Boris Johnson’s discredited claim that Sir Keir Starmer personally failed to prosecute Jimmy Savile is “certainly not to blame” for the mob intimidation of the Labour leader, a minister has told Sky News.
Technology minister Chris Philp told Kay Burley Mr Johnson’s words in Parliament last week “did not prompt the terrible harassment and intimidation” of Sir Keir yesterday, but described the incident as “terrible”.
Mr Philp also maintained that the PM had “clarified” his remarks in the last few days when asked if the prime minister should issue an apology.
On Monday evening, the Labour leader was bundled into the back of a police car after being confronted by protesters shouting “traitor” and “Jimmy Savile” at him.
Tories turn on Johnson over ‘Trumpian politics’ as pressure mounts on PM – politics live
PM’s Savile remarks not ’cause’ of Starmer incident
The incident brought fresh condemnation of the PM, with some MPs from his own party calling for Mr Johnson to issue an apology for his remarks.
“I don’t think you can point to what the prime minister said as the cause of that,” , Mr Philp told Sky News.

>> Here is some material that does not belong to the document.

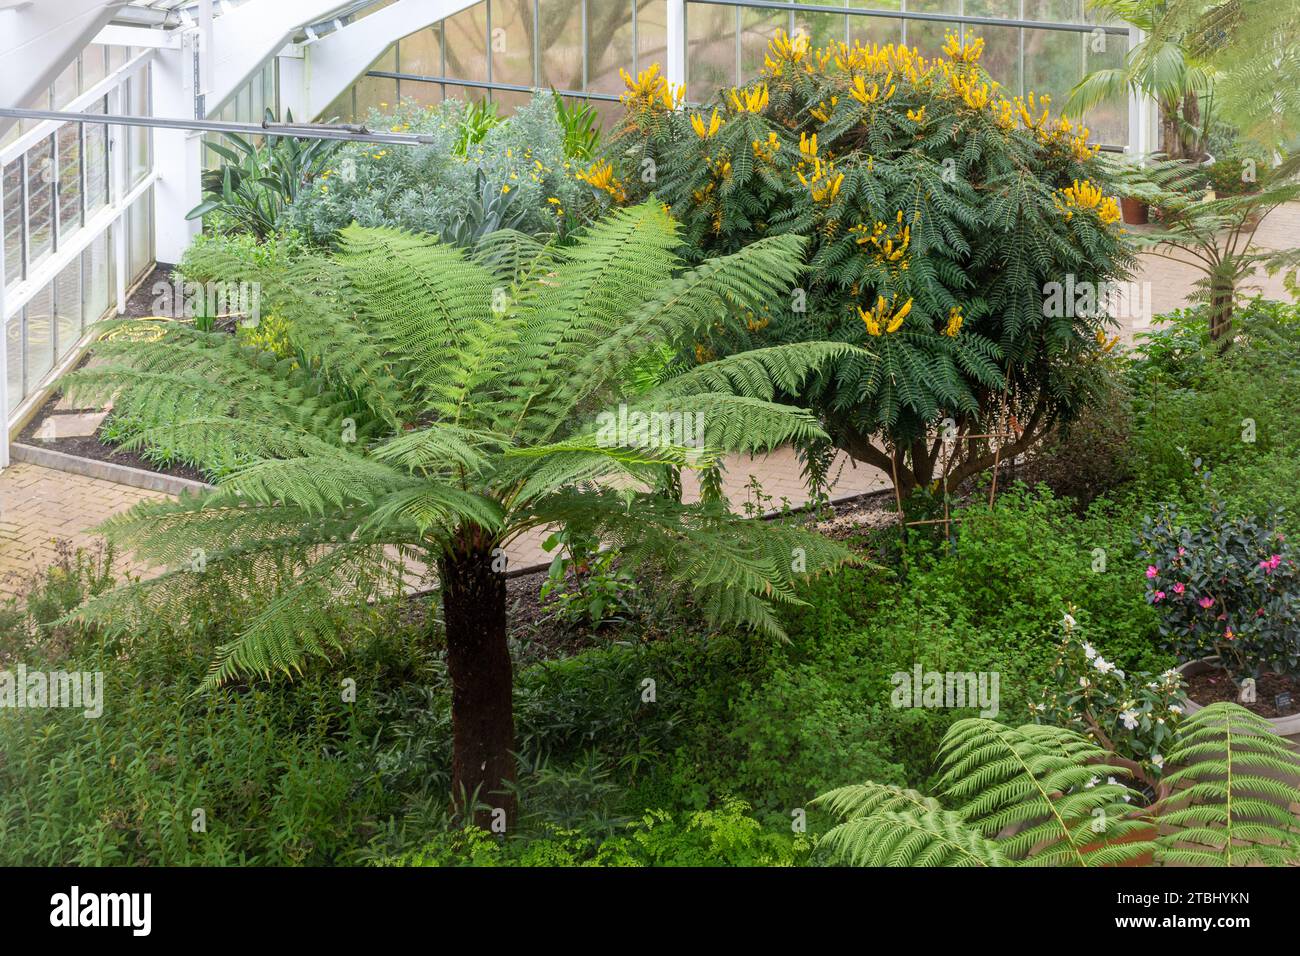 View of plants including a large tree fern and Mahonia oiwakensis shrub in the Queen Elizabeth Temperate House at Savill Gardens, England, UK Stock Photo

“You certainly can’t blame him for the fact that that mob were clearly behaving in a totally unacceptable way.”
He continued: “Keir Starmer’s own website says he was responsible overall for the CPS, and, in fact, Keir Starmer himself apologised for the CPS’s failings, just in the same way that the PM has apologised for the failings in Number 10.”
Mr Philp also suggested that people in last night’s mob in Westminster “have previously done similar things” to other politicians including Michael Gove.
Starmer confronted by protestors
In video footage posted on social media on Monday evening, the Labour leader was seen walking near to Parliament surrounded by police officers while being mobbed by a group, some of whom were protesting against COVID measures.
At one point in the footage, a member of the group surrounding Sir Keir, was overheard making a baseless claim, by shouting: “Why did you let Jimmy Savile off?”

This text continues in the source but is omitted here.